Two common examples that are similar to this are called “parent coordination” and “discovery master” proceedings. In the former, the PC’s job is to try to stimulate agreement, but will make an ultimate decision, subject to court review, if the disputing parents cannot agree. In the latter, the master tries to get lawyers to settle on how information will be exchanged in litigation, but makes a “recommendation” for a solution if they do not ultimately agree. Then a judge enters an “order” if he or she agrees with the master’s recommendation. Med/arb is broader and is intended to be final (see our earlier blog post about arbitration of child custody and child support matters regarding some limitations.) It can apply to any kind of dispute, large or small. A judge cannot order it without the parties’ consent.

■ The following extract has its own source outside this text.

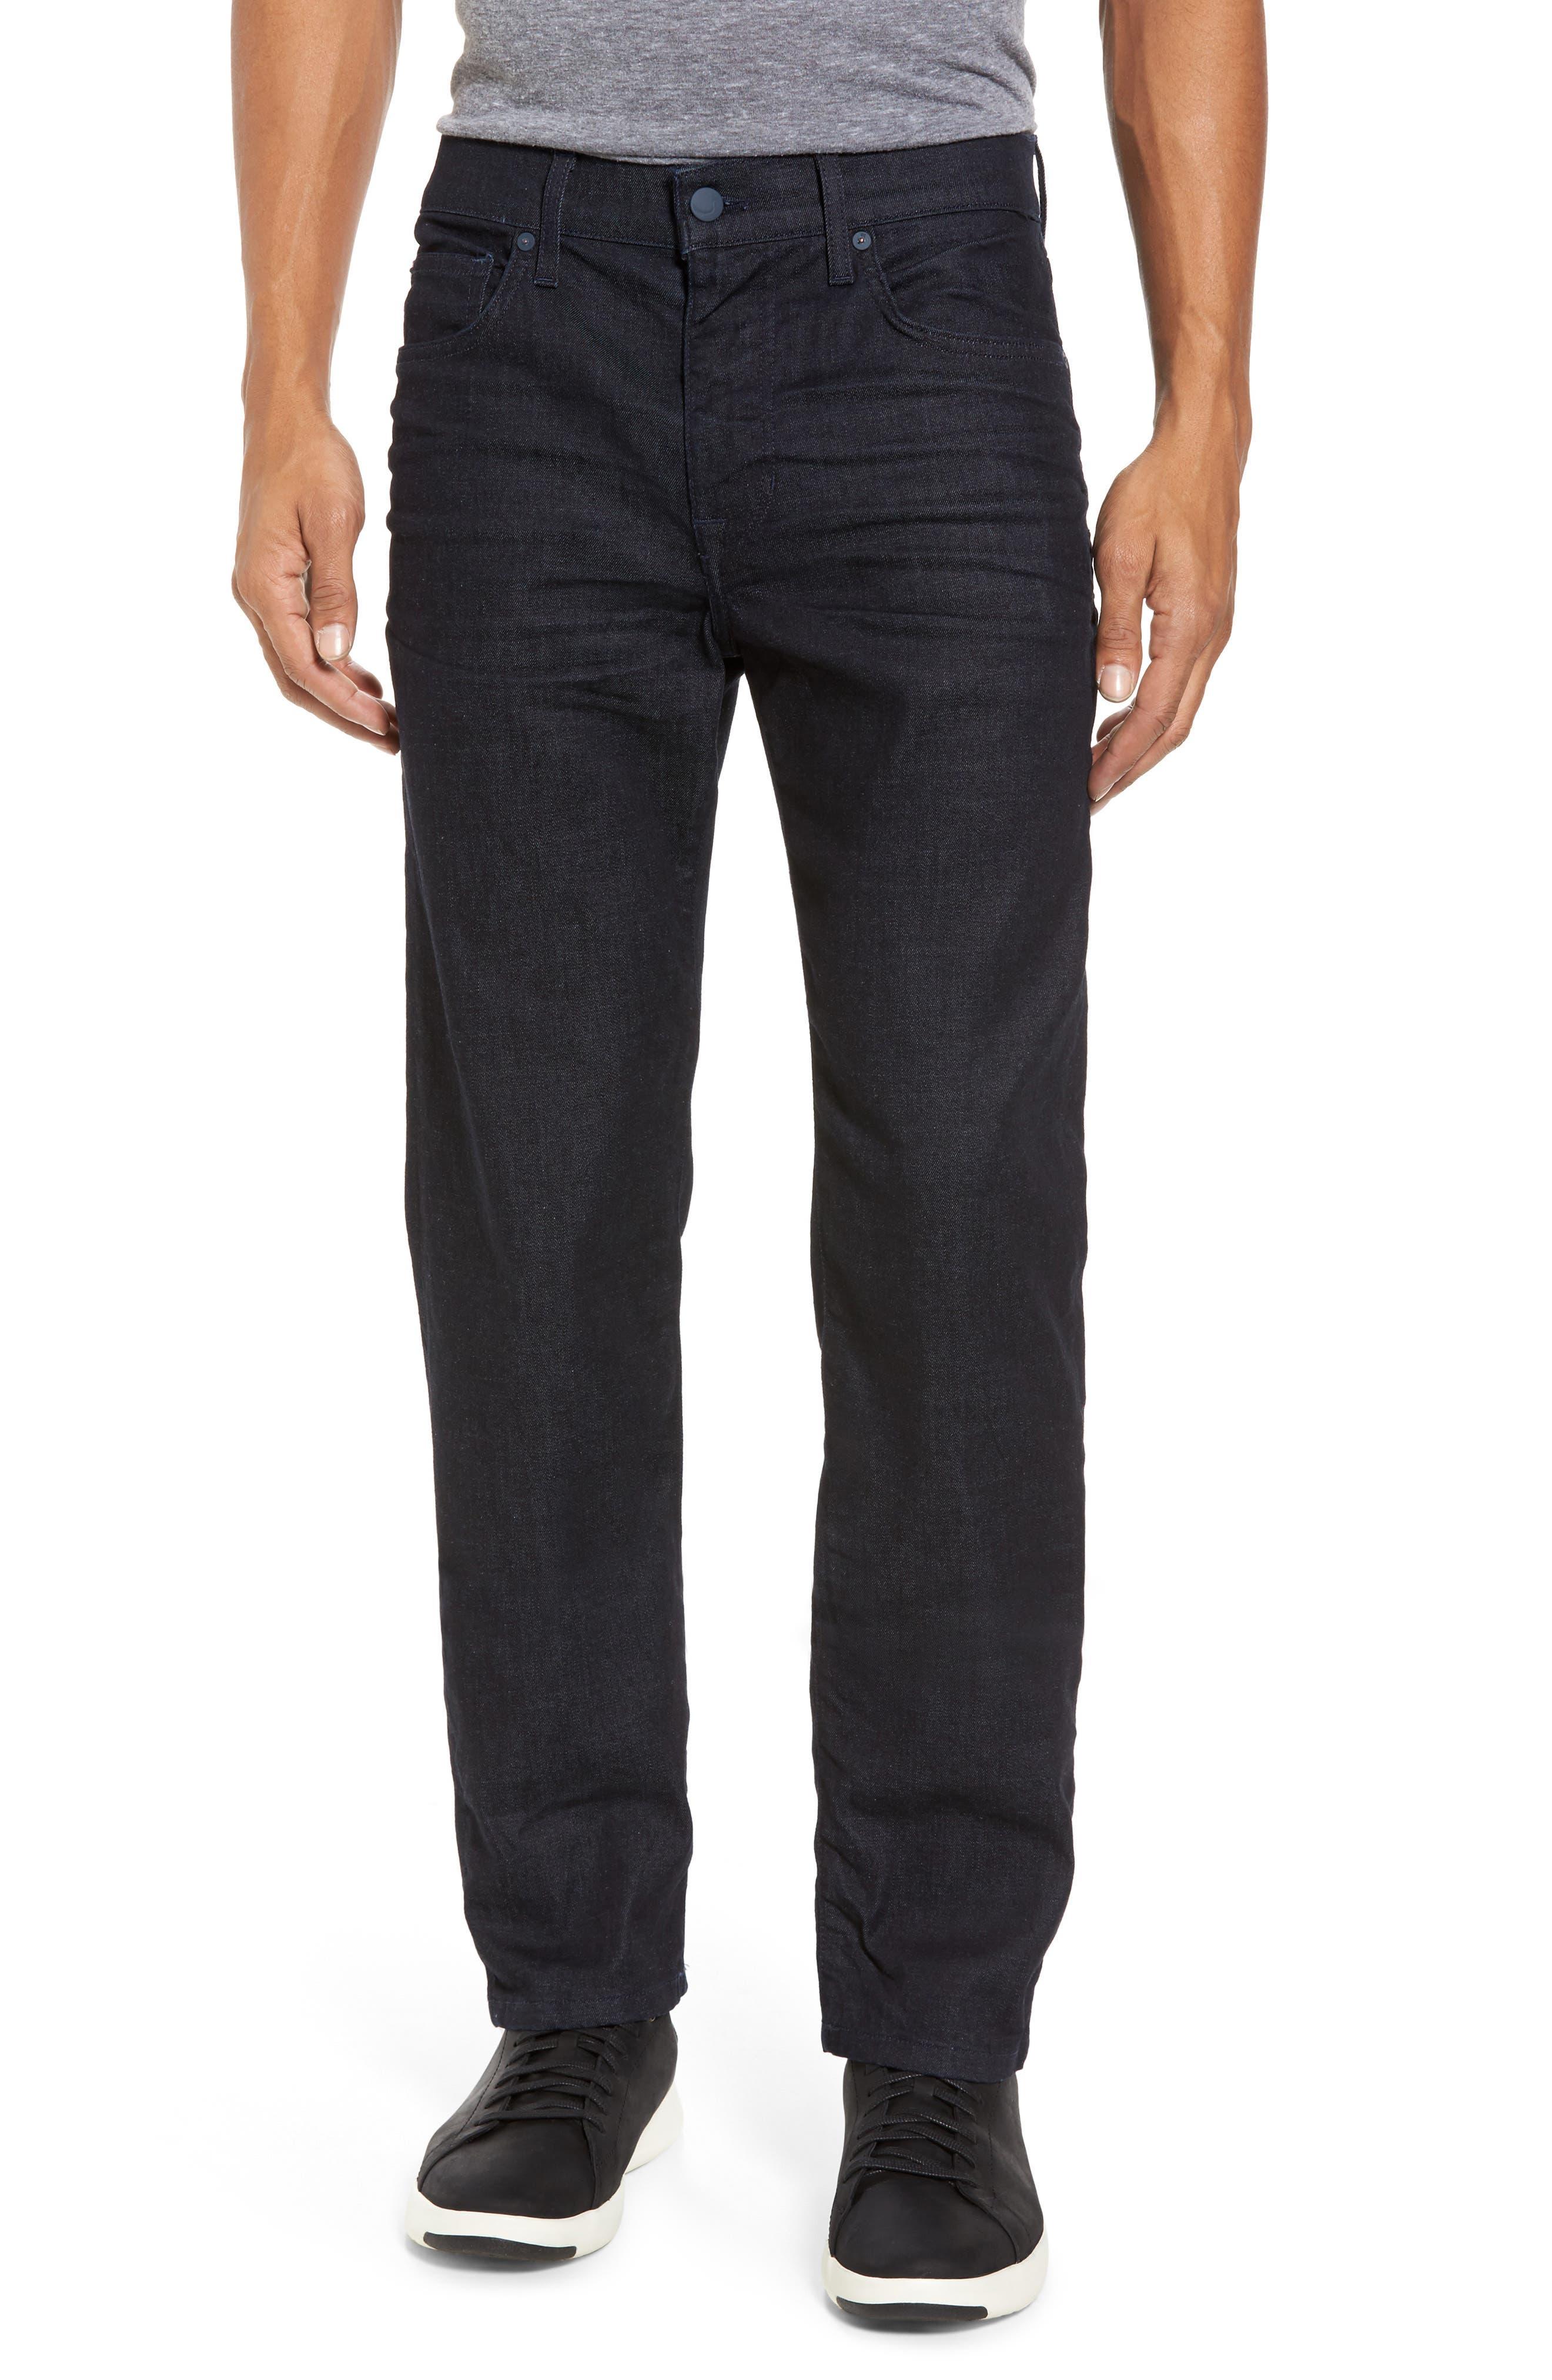 Brixton Slim Straight Fit Jeans,                             Main thumbnail 1, color,

It can be quite efficient, though some people worry about the arbitrator’s judgment being swayed by what he or she heard from the parties during the mediation phase, from information that was given less formally and maybe less reliably in the mediation stage than might be required in arbitration. The parties need to consider this and plan their rules and process to provide the protections that they feel they need. Remember, the parties make the rules in these private, consensual forms of dispute resolution.

An interesting variant of med/arb is called “arb/med”. We will talk about this in a subsequent blog post.